Браток возмутился, подкрепив данное чувство выхватыванием пушки и направлением ее на Степана.

— Я тебе, козел лепастый, сказал: бери, что надо, и поедешь с нами!

— И что? — не меняя тона, поинтересовался Больших. — Ну отстрелишь ты меня или руки-ноги покалечишь, а завтра тебя подстрелят, тебя-то кто спасать будет? Вот он? — И указал на стоявшего у стены санитара Гаврилыча, с любопытством наблюдающего за происходящим.

Гаврилыч, надо отметить, был личностью весьма колоритной, можно сказать, уникальной.
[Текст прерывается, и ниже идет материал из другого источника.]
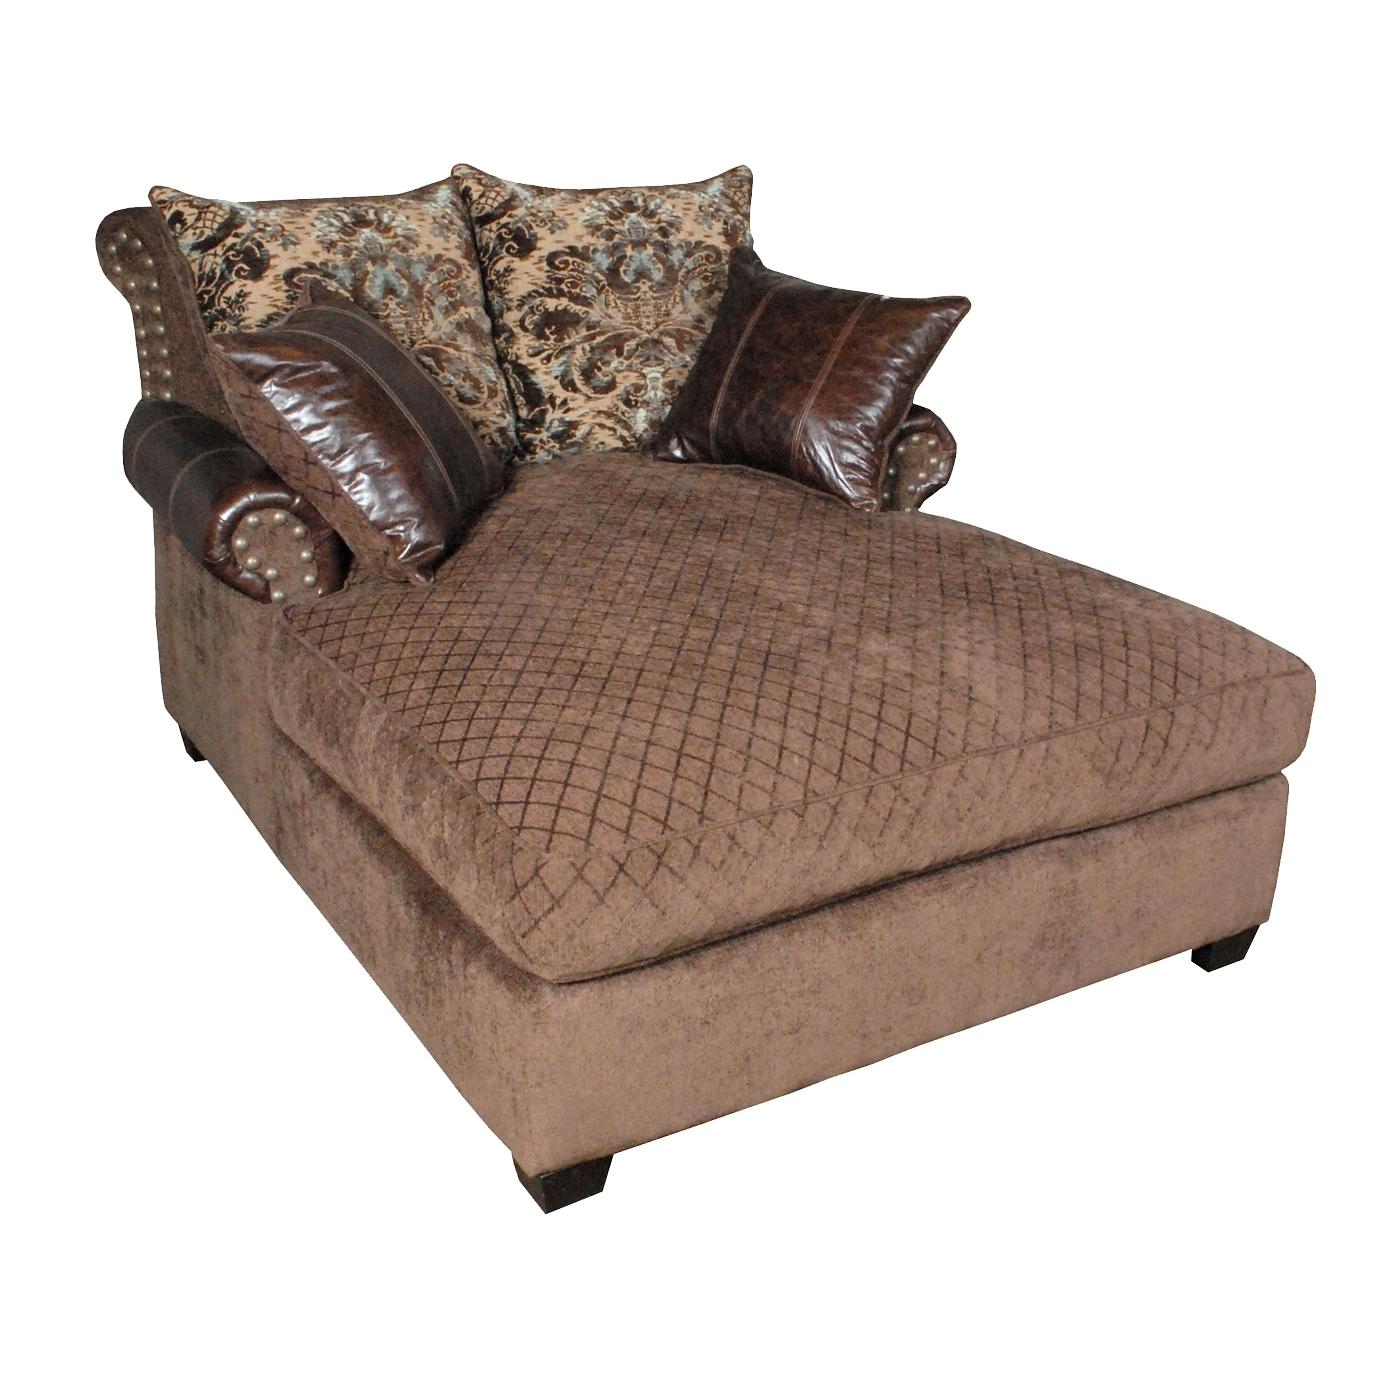 Oversized Chaise Lounge – Decofurnish Regarding Current Oversized Indoor Chaise Lounges (View 10 of 15)

Потомственный алкоголик в третьем поколении, не выходящий «из градуса» много лет, но поражавший относительной адекватностью разума в любом состоянии.

В затертой кепчонке, в засаленном бушлате, надетом поверх не меняющего серого колера халата, подразумевавшего белый медицинский, с вечной беломориной в губах, большую часть времени потухшей, с о-о-очень непростым взглядом глазок-буравчиков.

Гаврилыч встрепенулся при упоминании его имени и посмотрел недобро на разбушевавшегося братка.

Профессией мальчонка владел хоть и событийно насыщенной, но опасной до крайности, производство вредное и непредсказуемое, а перспектива быть подстреленным ощутимо реальная, что и говорить.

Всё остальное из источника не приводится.